Centre for Genomic Regulation (CRG), The Barcelona Institute of Science and Technology, Dr. Aiguader 88, Barcelona 08003, Spain; Universitat Pompeu Fabra (UPF), Barcelona, Spain. Electronic address: https://twitter.com/@SantusLuisa.
Centre for Genomic Regulation (CRG), The Barcelona Institute of Science and Technology, Dr. Aiguader 88, Barcelona 08003, Spain; Universitat Pompeu Fabra (UPF), Barcelona, Spain.
Curr Opin Struct Biol. 2023 Jun;80:102577. doi: 10.1016/j.sbi.2023.102577. Epub 2023 Apr 1.
Large-scale genomics requires highly scalable and accurate multiple sequence alignment methods.
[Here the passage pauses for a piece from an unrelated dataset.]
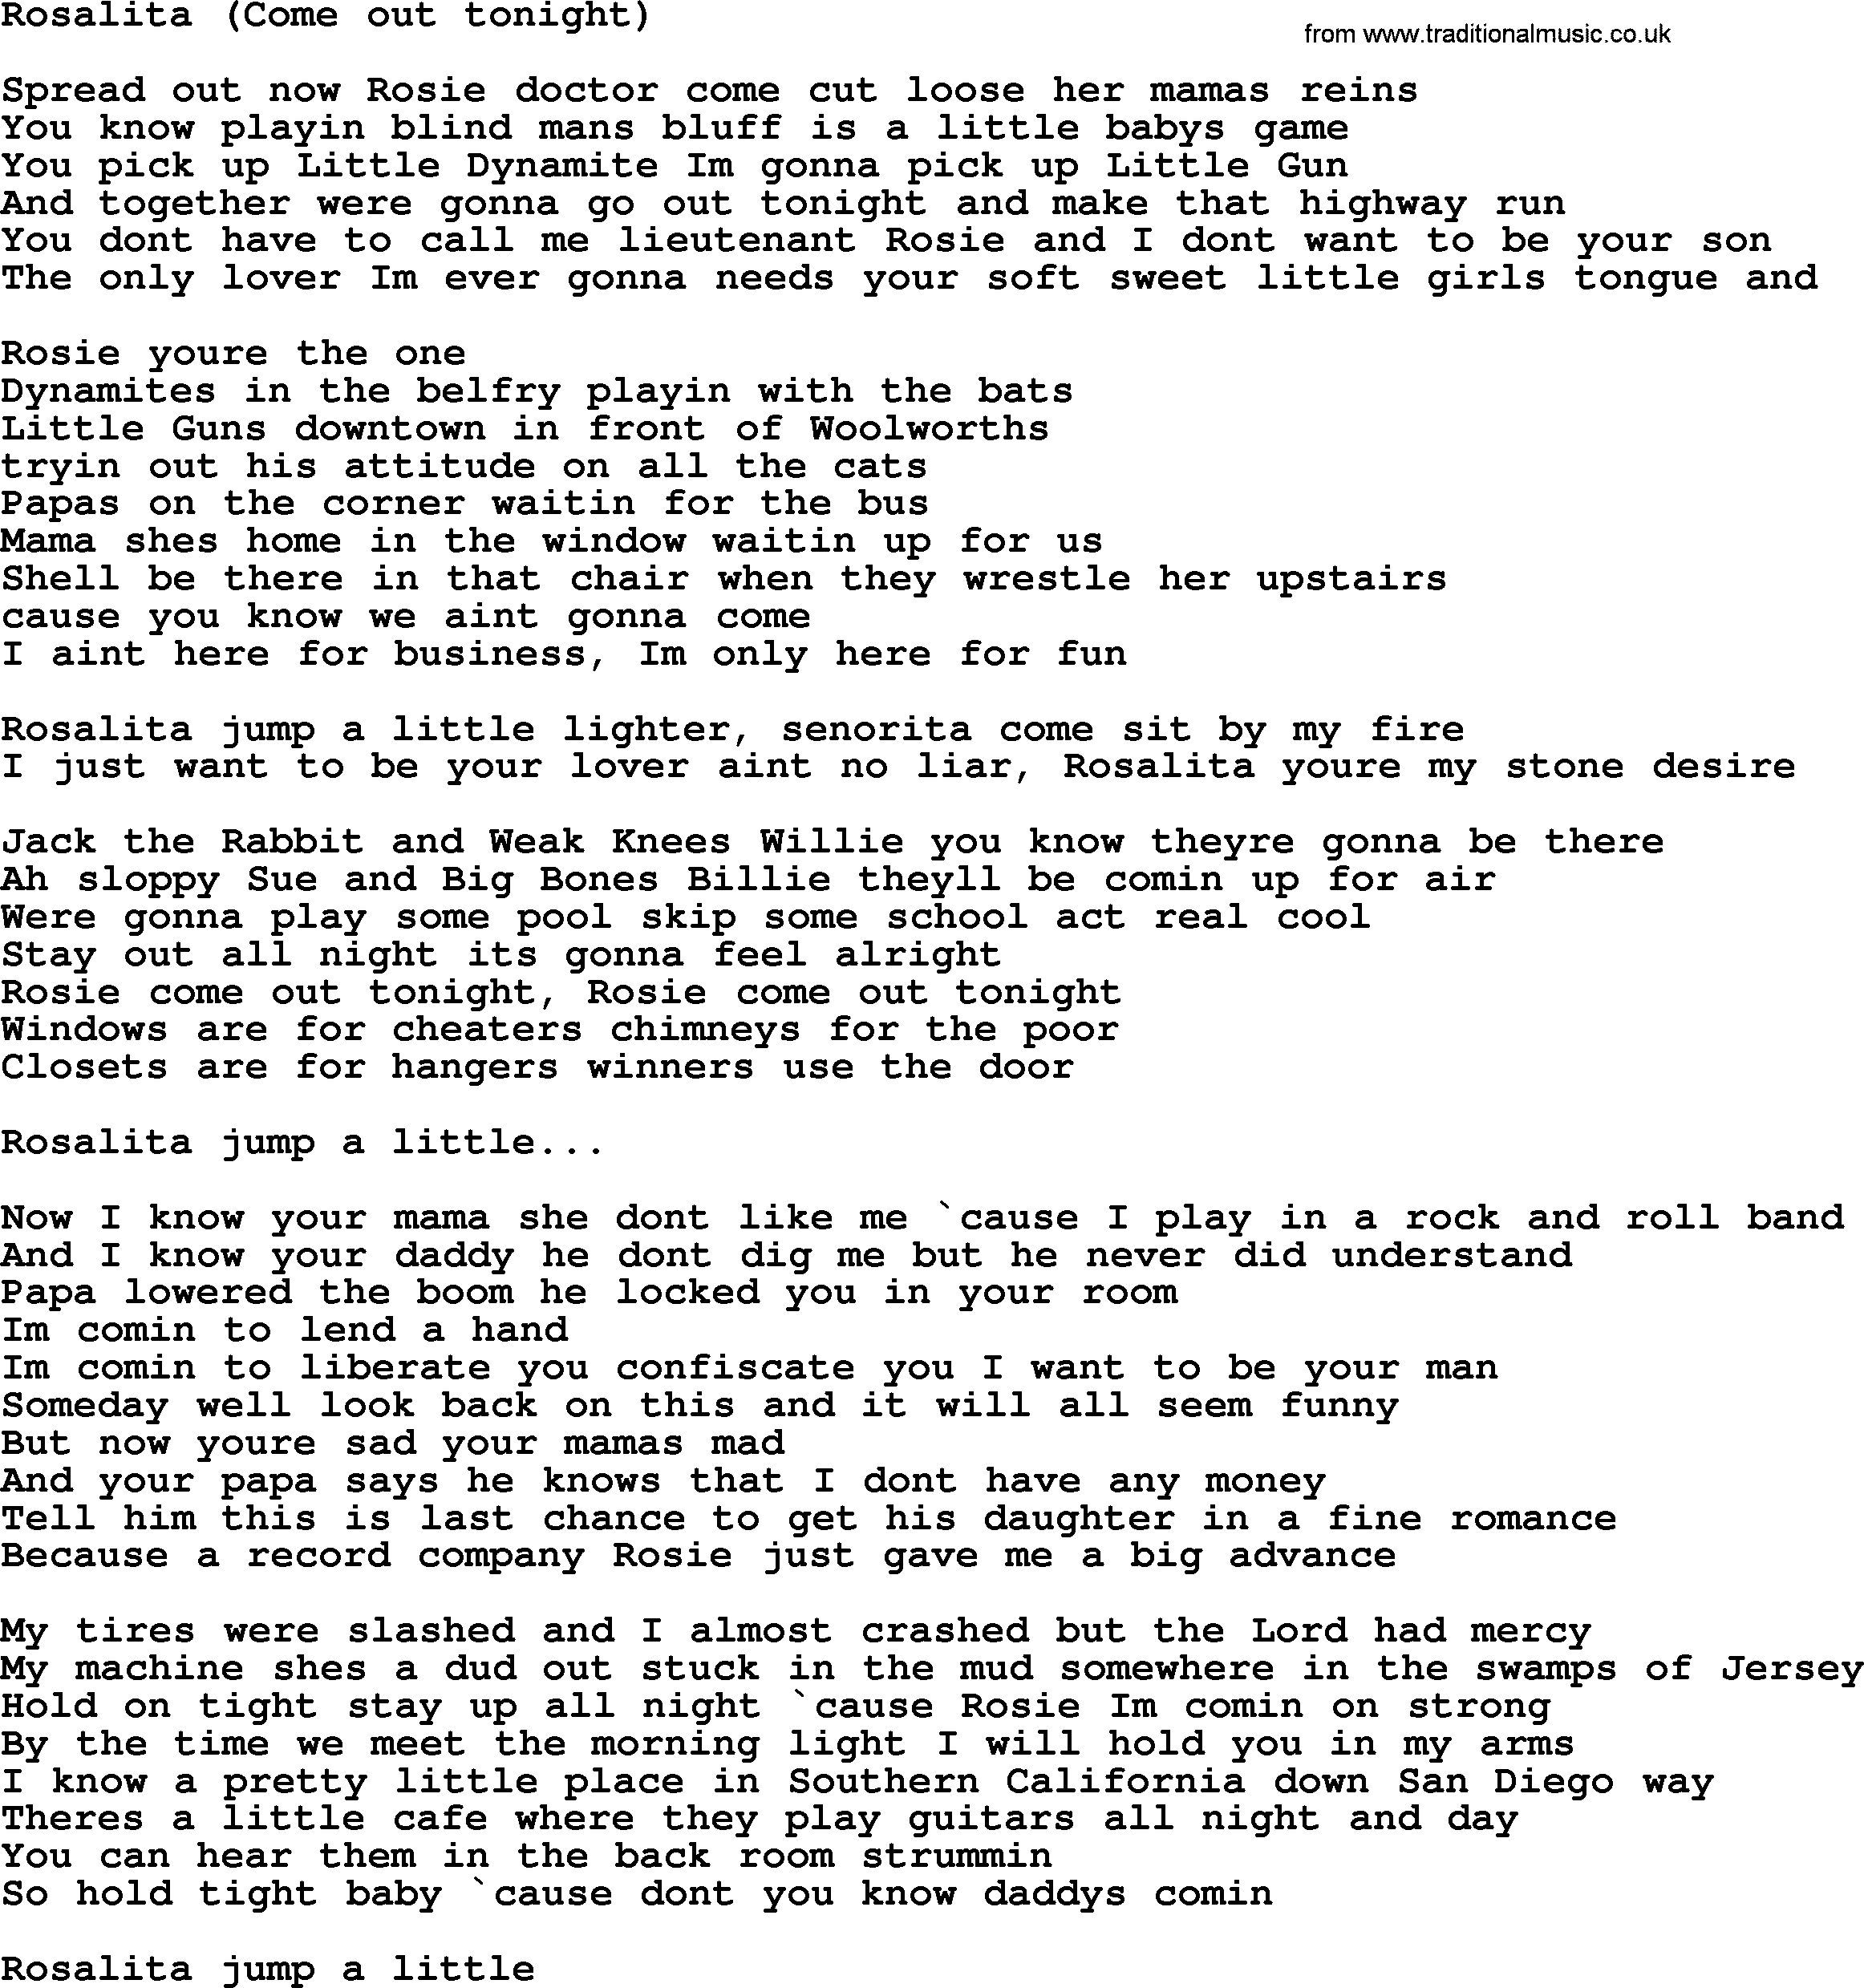 Bruce Springsteen song: Rosalita(Come Out Tonight) lyrics

Results collected over this last decade suggest accuracy loss when scaling up over a few thousand sequences. This issue has been actively addressed with a number of innovative algorithmic solutions that combine low-level hardware optimization with novel higher-level heuristics. This review provides an extensive critical overview of these recent methods. Using established reference datasets we conclude that albeit significant progress has been achieved, a unified framework able to consistently and efficiently produce high-accuracy large-scale multiple alignments is still lacking.
大规模基因组学需要高度可扩展和精确的多序列比对方法。过去十年的研究结果表明,当扩展到几千个序列以上时,准确性会下降。这个问题已经通过许多创新的算法解决方案得到了积极的解决,这些方案将底层硬件优化与新颖的高层启发式算法相结合。本综述对这些最新方法进行了广泛的批判性综述。使用既定的参考数据集,我们得出结论,尽管已经取得了重大进展,但仍然缺乏一个能够始终如一地高效生成高精度大规模多序列比对的统一框架。